Ask 10 people what they know about Te Aroha and you're likely to get the answers I did: "nothing", "a mountain", or "I drive through it".
How about, the only soda water geyser in the world, spotless mineral bathhouses and one of the best designed thermal outdoor swimming complexes in the country?
It was only a small "hot springs" sign on my map of New Zealand that intrigued us to find out more. The town, it turns out, is one of the country's better kept secrets.
Te Aroha is more than a Waikato farming town. It has hot pools, a geyser, great walking up Mt Te Aroha (the tallest peak in the Kaimai Mamaku range). Other local attractions include the Waihou River for kayaking and trout fishing, a mini arts trail, and a 300-year-old church organ.
Te Aroha's well-preserved Edwardian domain is the town's central attraction. The domain is dotted with turn-of-the-century structures where hot and tepid springs were found. These days, there's a completely renovated outdoor thermal swimming complex, the Wyborn Leisure Pools, which has a hot spa pool, toddlers' pool with artificial waterfall and a deeper pool.

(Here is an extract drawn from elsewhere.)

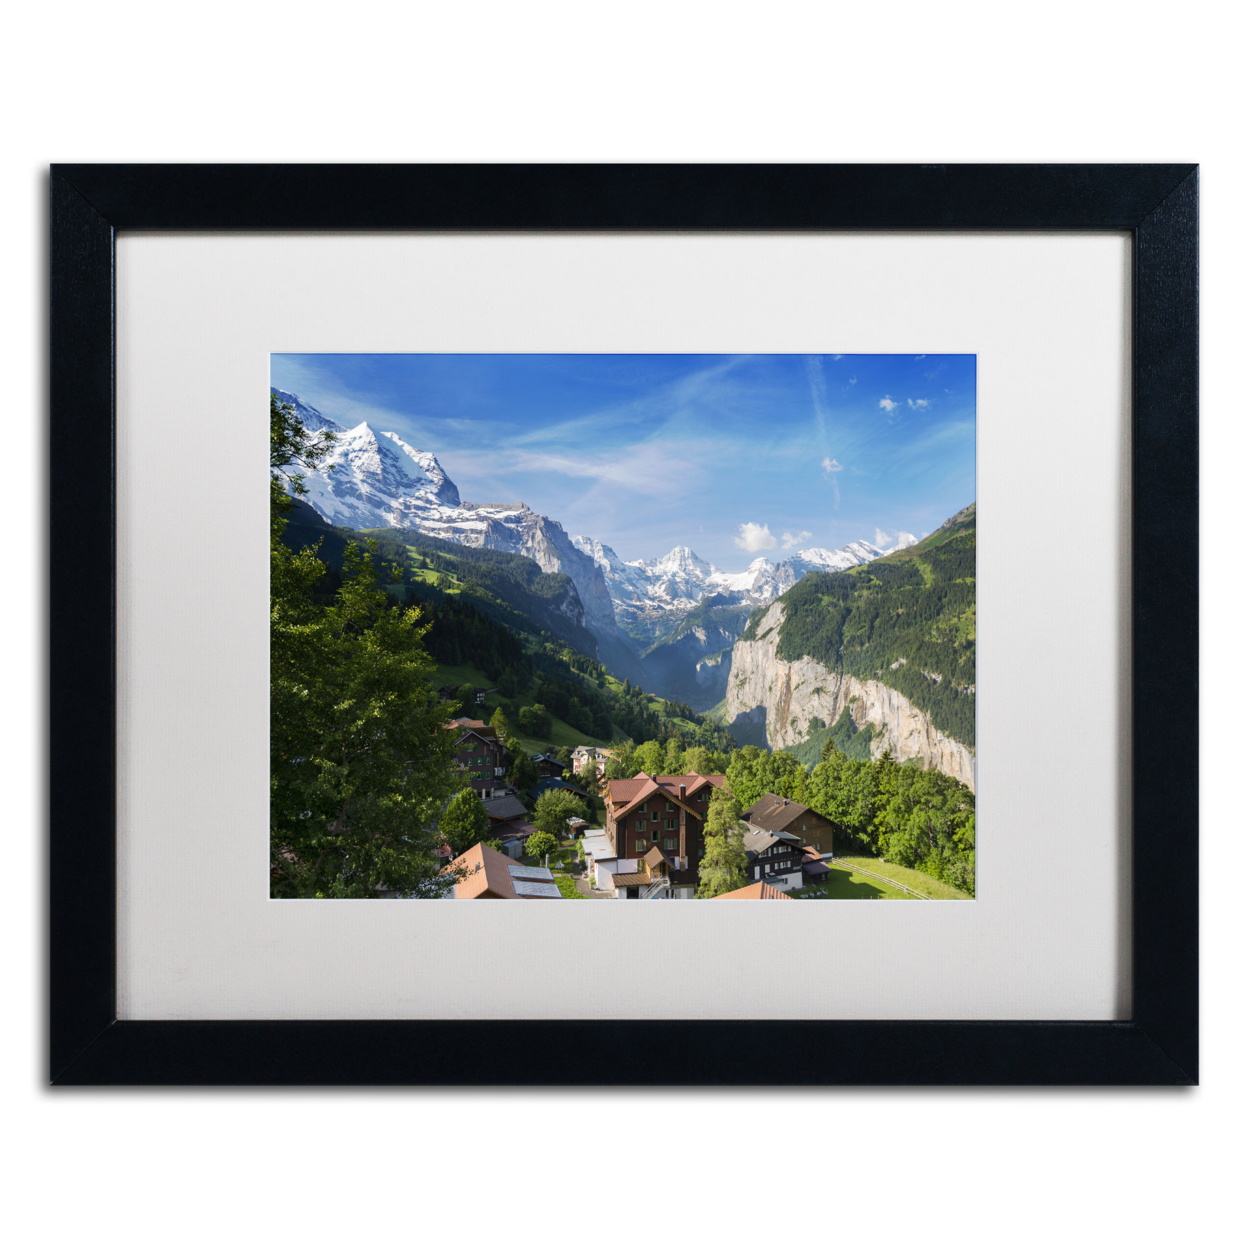 Philippe Sainte-Laudy 'A New Day In The Swiss Alps' Black Wooden Framed Art 18 X 22 Inches
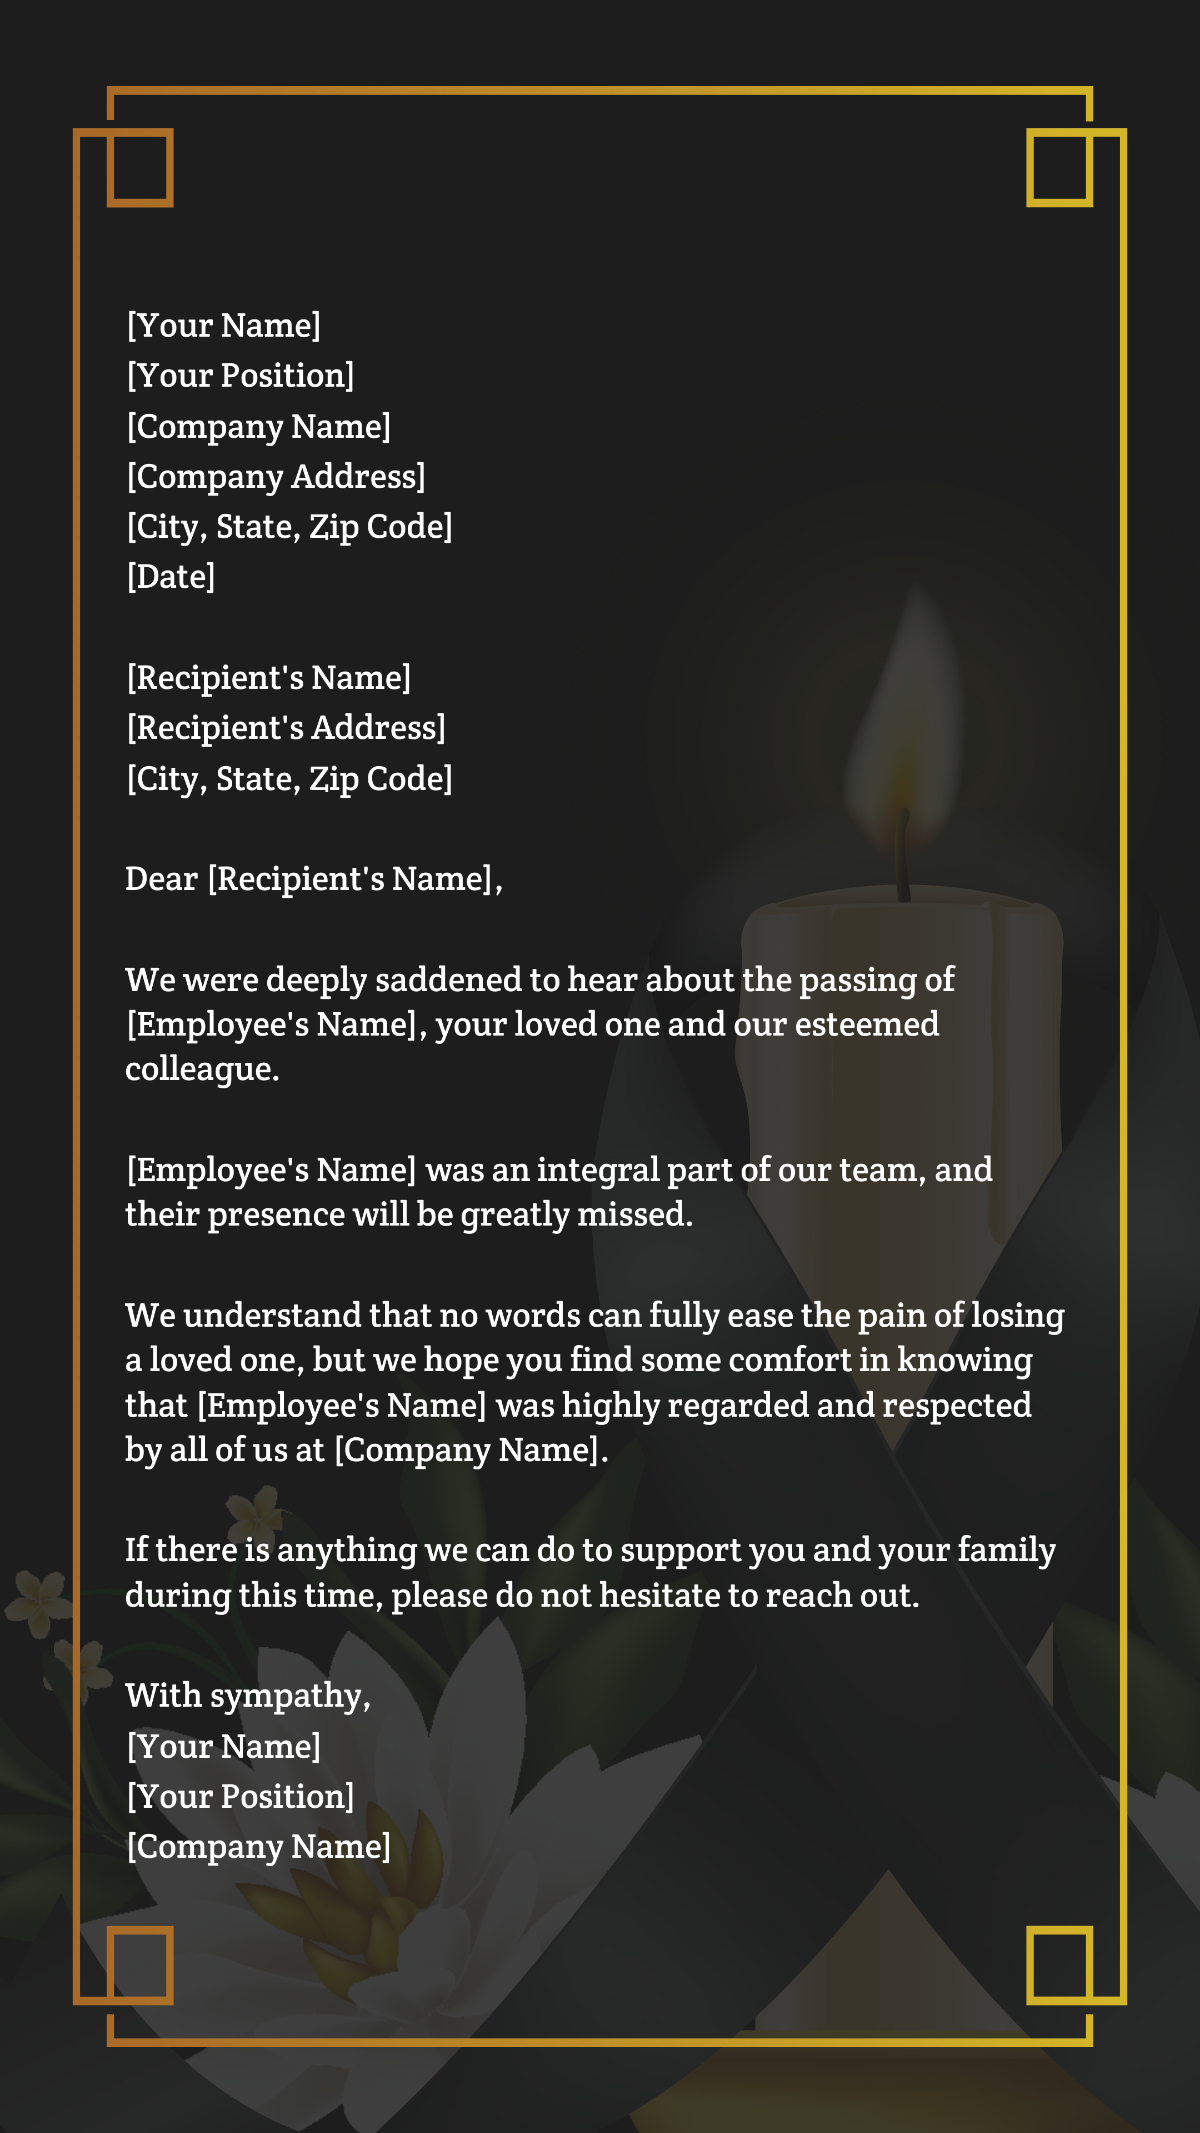 Condolence Letter To Employee Family

If you want to "take the waters", the only option for sinking yourself into real soda water is to hire a private pool in the immaculately renovated Mokena Spa Baths, or for a more traditional soak, the Number 2 Bathhouse is much as it was in Edwardian times - except for the emergency pull cable.
The Mokena spa's waters, although tasting of soda, are crystal clear. The Number 2 Bathhouse with its murky, slightly bubbly waters have an altogether more authentic feel.
The other attraction in the domain is the somewhat fickle Mokena Geyser. It can, I'm told, shoot many metres upwards. But the geyser was suffering "prostrate problems" the day we went and after 45 minutes, waiting in a somewhat sad bus shelter-like structure, it spluttered all of 30 centimetres.
Unmarked, but also of great amusement to the children was a rotunda which housed a single drinking fountain of soda water (yes, you can drink it), which we dared each other to swallow. There's also a museum, in the old Cadmus Sanitorium building, packed with paraphernalia from the history of the town - open weekends and public holidays.
We stayed in a family room at the tiny YHA - because it was cheap and it backed directly on to the bush. The YHA also offers free mountain bike hire and there is a 10km well-maintained riding track in town.
It's a 45 minute walk (or 75 with two young children) to the Whakapipi lookout above the town, or two hours to the summit of Mt Te Aroha. From either you can see Mt Ngauruhoe in one direction and the Firth of Thames and Coromandel Peninsula in the other.
The choices for eating out aren't huge. On our first night we decided that "when in Rome, do as the Romans do" and joined the throng of people outside PJs takeaways on Whitaker St.
For lunches it's possible to eat in the domain at the former gardener's residence, now converted into the Cottage Cafe.
For night-time dining the Ironique cafe on Whitaker St is really the best place to go. The cafe is fitted out with recycled timber and some quite spectacular iron work from a local forge.